12 Dec 2018Can anyone post a solution for 8C problem 20?

## Marcel Ackermann

4 Feb 20188C18) How do the eigenvalues look like for this operator?

Tv=lambda v

=>

-a_0=lambda v_1

v_1 -a_1 v_n = lambda v_2

v_2 - a_2 v_n = lambda v_3

...

subsituting yields: [0] a_0 + a_1 lambda + a_2 lambda^2 + ... + a_{n-1} lambda^{n-1}=0

all eigenvalues fulfill this equation, every polynomial in C has a factorization with lambda_i the eigenvalues, so we know that [0] is the characteristic polynomial.

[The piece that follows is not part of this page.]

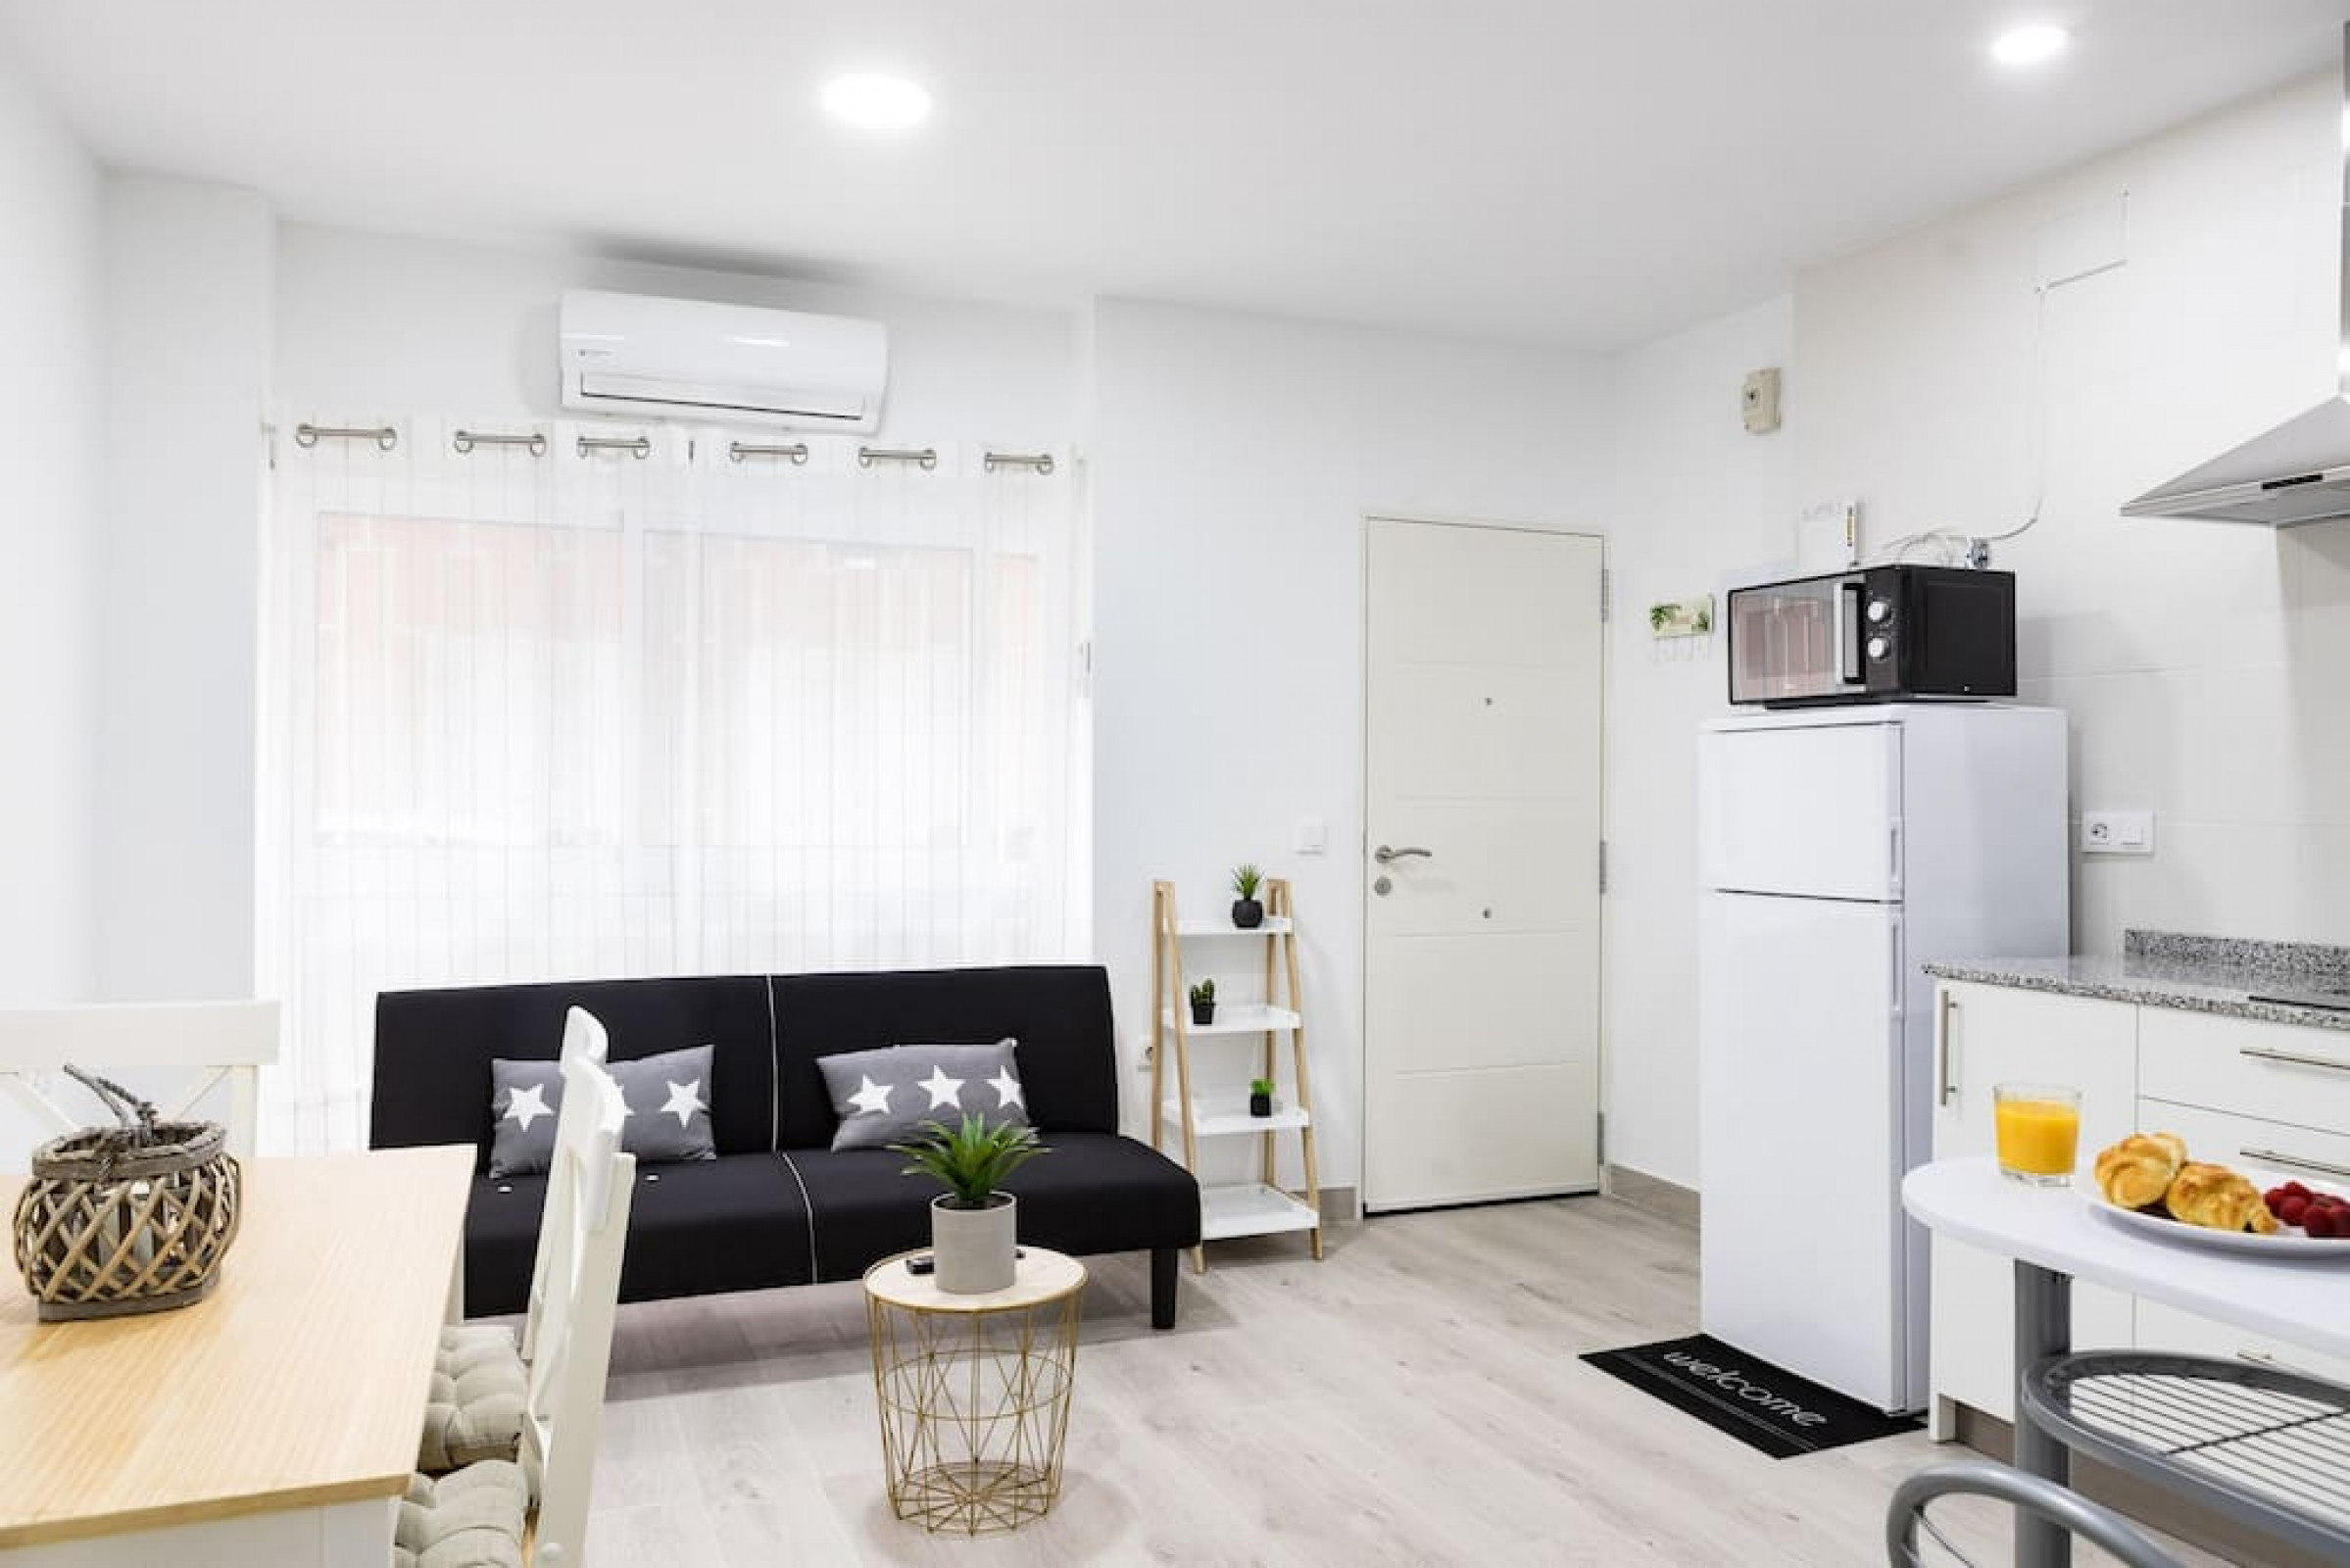 Moonkey - Apartamento Amaralba A
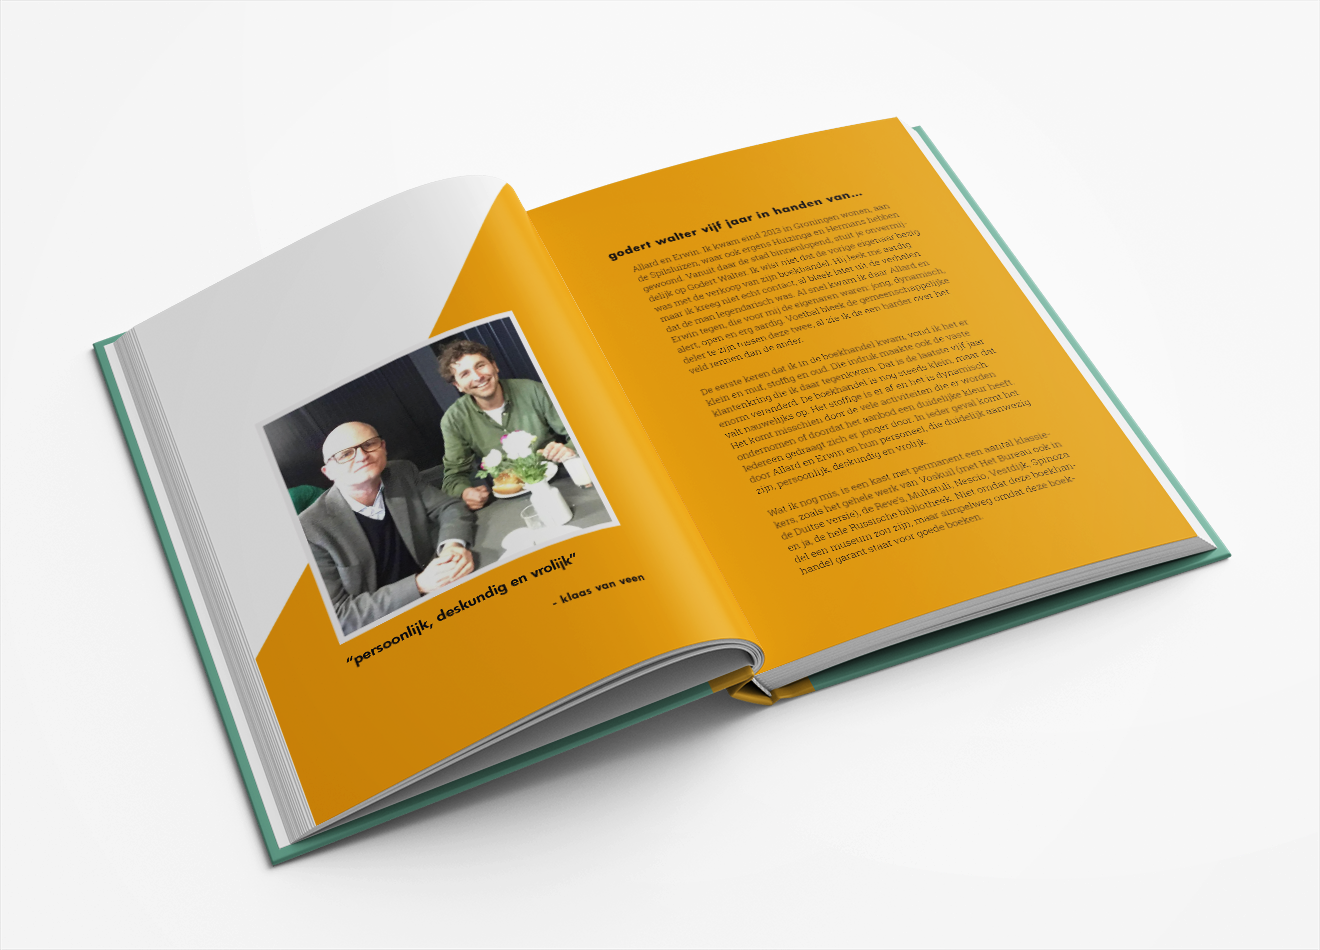 Jubileum boek Godert Walter Vera Post

The minimal polynomial depends on the a_i values.

## Marcel Ackermann

25 Nov 20178C1) Because the multiplicities of the eigenvalues sum up to the dimensionality of the operator, we know that the multiplicity of one of the eigenvalues has to be two. So there are three possibilities for the minimal polynomial: q_1(z)=(z-3)^2(z-5)(z-8) (etc.). Applying T to these q yields q(T)=0 according to the Cayley-Hamilton theorem (8.37). Multiplying 0 with any polynomial yields the 0 polynomial.